She got up hurriedly. None of the others seemed to think anything about it. Bert left the door open and she went after him. She was surprised at the whiteness of the side of the barn, and then realized that it was the moon shining full on it from over the house. The cracks between the stones showed as clean black lines more clearly picked out than in sunlight. Going down the path out of the tilted shadow from the roof was like walking through something palpable, say a dark canvas awning. Going on into the field they had the moon very nearly in front, and Flo gazed up and thought how it looked like a bubble filled with white light. Sometimes it was so hard to think of the moon as anything but a flat disc pasted, as it were, on a flat black ceiling; but now, surrounded by miles of faintly luminous air, it was so obviously round and buoyant that she wouldn’t have been surprised to have seen it float along just as a bubble would to the slightest breath.
“Grand night,” said Bert with a gentle sort of purring appreciation which she had never heard from him before.

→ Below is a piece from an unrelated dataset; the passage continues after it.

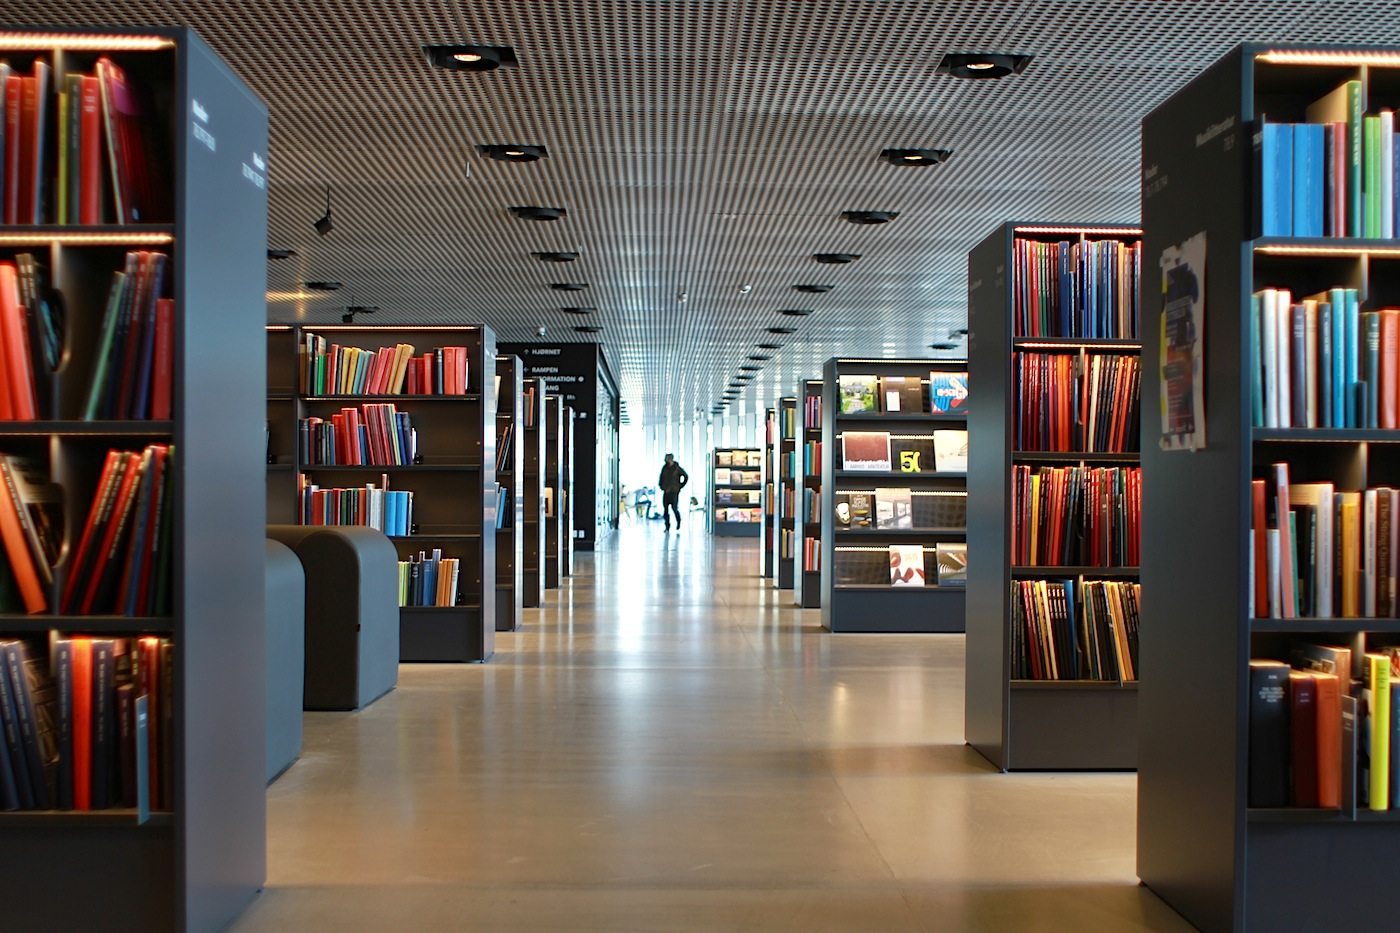 Bibliothek. Das Dokk1 ist unter anderem Bürgeramt, Bürogebäude und beherbergt die größte Bibliothek Skandinaviens.

He had a stick only and no gun, and walked slowly and did not seem to wish her to say anything. The whole valley showed familiarly, yet completely different; all the hills more remote and smaller, dwarfed under the tremendous height where the stars were. Even the moors and cliffs of Moss Edge were smoother, as if they were no longer peat and gritstone, but had been changed into some kind of blue-grey aluminium alloy. Bert took the shortest route towards the willows, reaching them exactly where a narrow path went through. He whispered her to tread carefully. He stopped just in cover, pushing against the branches to make room for her at his side. Some of the lissom twigs touched her hands and cheeks with coolness and gentleness. She could smell the water fresh and slightly weedy. In the water was the moon, now as calm and round as in the sky, the next moment elongating in a ripple, breaking in two, then recovering its perfect shape without effort. As the ripple moved towards them it brought on its crest a stolen gift of moonlight, but lost it just as it touched the beach. Other ripples followed, making sometimes a continuous convoy of moon bits, but they ail went out at the edge of the land. Bert pointed, and she saw to the right about twenty yards out a flotilla of dark dots led by what was unmistakably a duck. She looked closer along the beach, and as far as she could see there were ducks dabbling or preening, or floating headless and motionless.
“Worth seein’, eh?” said Bert, so low that she could scarcely tell.
He turned, pushing past, and led back into the field. They were in shadow again, the broken shadow of the willow rods, which made a queer mottling across their eyes as they walked on. Roughly at fifty-yard intervals there were other narrow paths. Bert knew all, though Flo would have passed most of them, because they started at an angle and curved and were not obvious like the first straight path. Bert led down each one, and every time that they stopped, just in hiding, Flo saw more ducks. At least she thought that they were all ducks till Bert whispered, “Water-hen and coot as well.” And suddenly he jerked up his stick silently, and she saw crossing the moon three flying ducks. They circled and dropped with a simultaneous ploughing splash, surprisingly loud though they were a score of yards out. One of the ducks gave a challenging
“Careful; don’t scare ’em,” warned Bert, leading the way back.
They reached the point of the field and turned along the inside of willows hedging what Flo guessed must be a long arm of the lake reaching back almost to the road. Here they were in full moonlight once more. It was so bright that Flo imagined that she could feel it warm like sunshine. Bert sauntered slower than before, but did not lead through the bushes. Flo was scared by a sudden whickering, but it was only a peewit which flew close above them with a pulsing, rushing sound and skirled noisily. Bert cursed and moved a little quicker. As the bird turned and tossed there was a glinting reflection off its neck or back. Just before they reached the lane where the bridge was Bert burrowed leftward and the bird flew higher, still crying, but less agitatedly, until it forgot them. The willows made a caging overhead. The ground sloped quickly and was soft. Bert paused to warn her, then went ahead with five long strides, balancing with his stick. Flo made out dimly the black back of a partly drowned branch. It was roughly knuckled, and the knuckles were the stepping places. She felt with her foot. The branch seemed greasy and a nervousness spread up her legs.
“Come on,” ordered Bert sharply, “there’s no depth.”